P.P.P.S. If you can't *trill* your "r", then the next best thing is *flapping* the "r" -- a "flap" is when you make the "r" sound a bit like "d", but ONLY ONCE -- imagine a Victorian orator doing that with the "r" in "heroic" or "historic." This wikipedia article about "flap" consonants provides the Spanish example of _pero_ ("but", "*но*") and _perro_ ("dog", "*пёс*"). In Spanish, the single "r" is flapped; the double "rr" is trilled/rolled. And the wikipedia article also makes the point that in the normal American pronunciation of words like "fatter" and "butter", the "tt" is actually pronounced as a "flapped R".

----------


## Marcus

Maybe it will be easier to pronounce soft "r" first, it was easier for me. 
I don't think Russian children have problems with hearing the difference between hard and soft "r". They just cannot pronounce them correctly. That was my case. 
Throbert, was it difficult to hear the difference between hard and soft "r"?

----------


## Throbert McGee

> Maybe it will be easier to pronounce soft "r" first, it was easier for me. 
> I don't think Russian children have problems with hearing the difference between hard and soft "r". They just cannot pronounce them correctly.

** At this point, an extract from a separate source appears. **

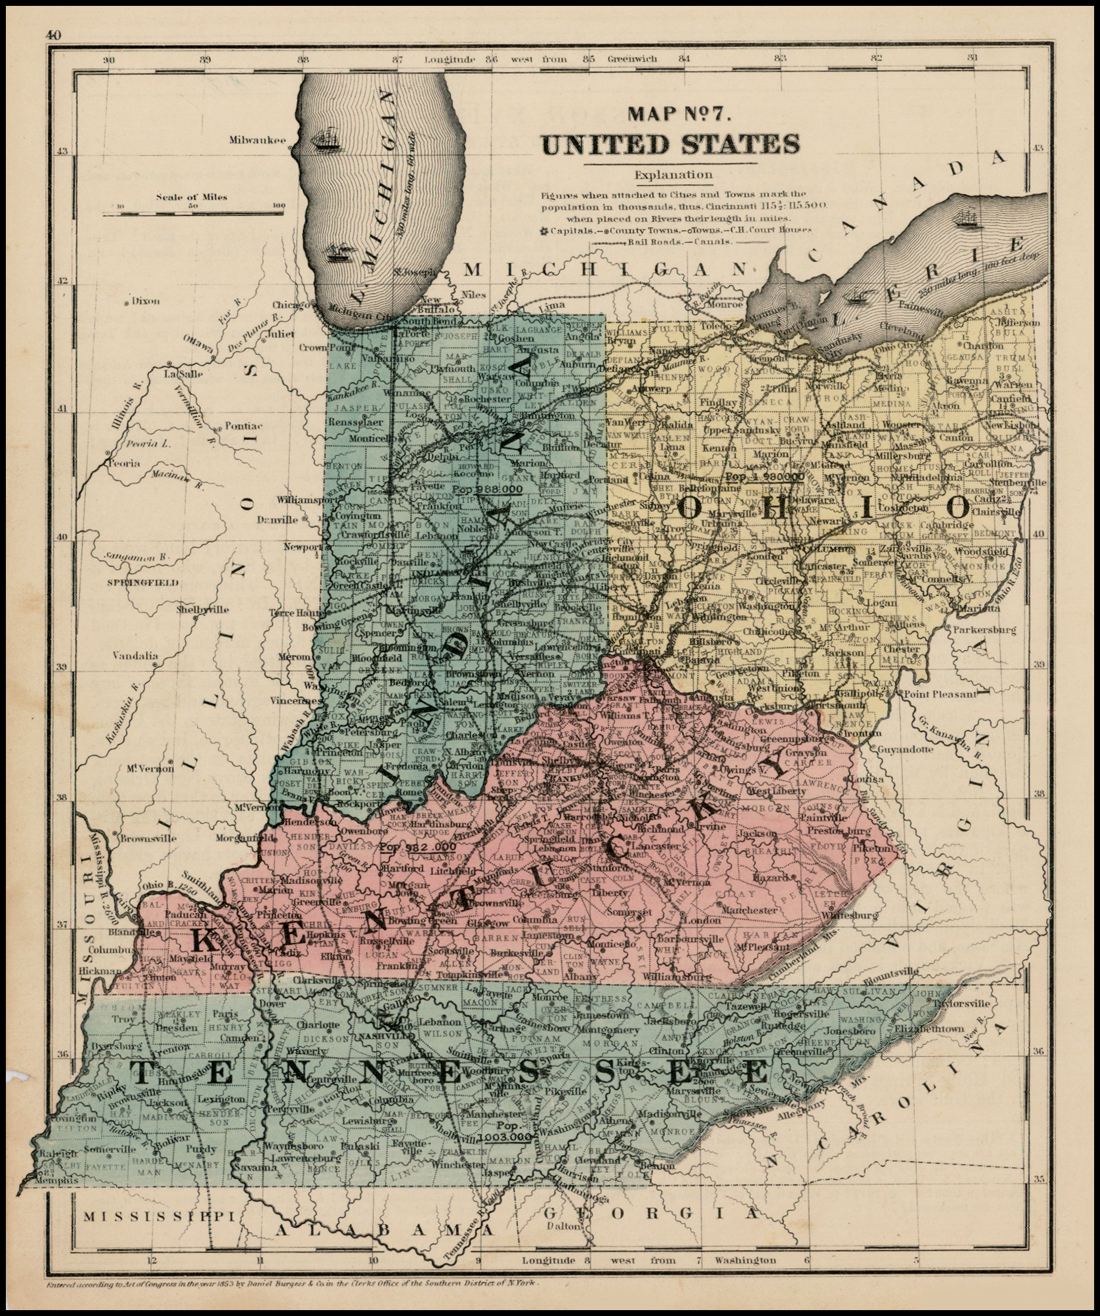 Map No. 7 [Indiana, Ohio, Kentucky, Tennessee, Lake Michigan ... Kentucky Tennessee Map on northeastern tennessee map, wears valley tennessee map, paducah tennessee map, south carolina tennessee map, london tennessee map, new mexico tennessee map, whites creek tennessee map, dallas tennessee map, portland tennessee map, tennessee county map, dyersville tennessee map, austin tennessee map, wyoming tennessee map, tennessee state map, beech grove tennessee map, bryson city tennessee map, belle meade tennessee map, somerset tennessee map, mayfield tennessee map, marion tennessee map,

That was my case. 
> Throbert, was it difficult to hear the difference between hard and soft "r"?

 Ё-моё да блин, it was VERY difficult for me to properly hear the difference between ALL the hard and soft consonants in Russian -- because hard/soft distinctions are not "phonemically important" in English! So, in my first two years of studying Russian, the word _люблю_ sounded to me like _лъ-йу-блъ-йу_, and _нет_ sounded like _нъ-йэт_ -- because that's how I was trying to pronounce the words.  
But then, in my third year of Russian at the University of Virginia, we had a newly-arrived Ukrainian woman, Светлана, who drilled us on pronunciation -- and she would make us say _ла-ла-ла, ля-ля-ля, лу-лу-лу, лю-лю-лю..._ over and over, and after about a week of that, suddenly it just "clicked" in my head, and I finally understood the phonetic difference between "hard" and "soft" consonants.  
P.S. I was at UVa from 1989 to 1993 -- so although one could borrow VHS tapes of Russian movies from the "Slavic Studies Department", or listen to (boring) conversation exercises on audio tape, the convenience of hearing native Russian speakers over the Internet didn't exist!

----------


## Marcus

> P.S. I was at UVa from 1989 to 1993 -- so although one could borrow VHS tapes of Russian movies from the "Slavic Studies Department", or listen to (boring) conversation exercises on audio tape, the convenience of hearing native Russian speakers over the Internet didn't exist!

 Didn't your teacher correct you? Do they think in the US that pronunciation is not important in foreign languages? 
Did you hear that you pronounce in a wrong way? How did you pronounce soft consonants at the end of the words?
I remember Serbs (there are no ть, дь in Serbian) immediately heard that деньги does not sound like дэньги, they did not even understand that the sound was similar to д. They started repeating the word: дженьги, зеньги... So that's why I was very suprized when people say that the difference is not audible.

----------


## zxc

> So that's why I was very suprized when people say that the difference is not audible.

 It's audible, but that doesn't mean that people learning Russian hear a distinction.  And then if they hear it, it's quite another thing for them to be able to get their tongues to cooperate to reproduce the sound.  ::

----------


## chaika

Throbert, Greka was going across the river, over a bridge, and by horse. I have just posted sworn depositions from the parties involved in the subsequent events of that day. See the Fun Stuff thread.

----------


## Hanna

Well if you can't do it, you can't do it... Germans who speak Russian are sometimes using the "throat" R instead of rolling R because they can't say it either. 
I am sure you will be understood if you use the English style R, but it will definitely make you identifiable as American. I don't think any other language pronounces R in the way that English does.

----------


## Seraph

Try this.  Put tongue into position for l (English l), but block off any possibility for air flow, more completely than for normal l.  Don't say l, but force air through mouth only, passed tongue tip, (none through nose) and keep blocking off air in mouth with tongue similar to position for l.  Tongue will resonate like jack-hammer (voiceless).  This isn't a voiceless trilled r, but it gets you used to forcing the trilling action, so you know you can force a trill anytime.  Tongue is in slightly different position for r, but once you know how to trill reliably, it will be easier.

----------


## Hanna

In my opinion, it's just a slightly different position of the tongue, when you say the R. (rolling vs English R)
I think the French throat - R is harder though. It doesn't always come out like I want it. 
I struggle with the щ vs ш in Russian instead.

----------


## Throbert McGee

> Throbert, Greka was going across the river, over a bridge, and by horse. I have just posted sworn depositions from the parties involved in the subsequent events of that day. See the Fun Stuff thread.

 Chaika, спасибо за ссылку, об иске между Грекой и раком!

----------


## Windup Merchantski

not important to roll your r's at all - within russia itself there's a region (i think around курск) where the sound is the retroflex r of english. also there are people in russia myself included who pronounce it a bit like the r in french. i think old generation geordies used to have that kind of r.

----------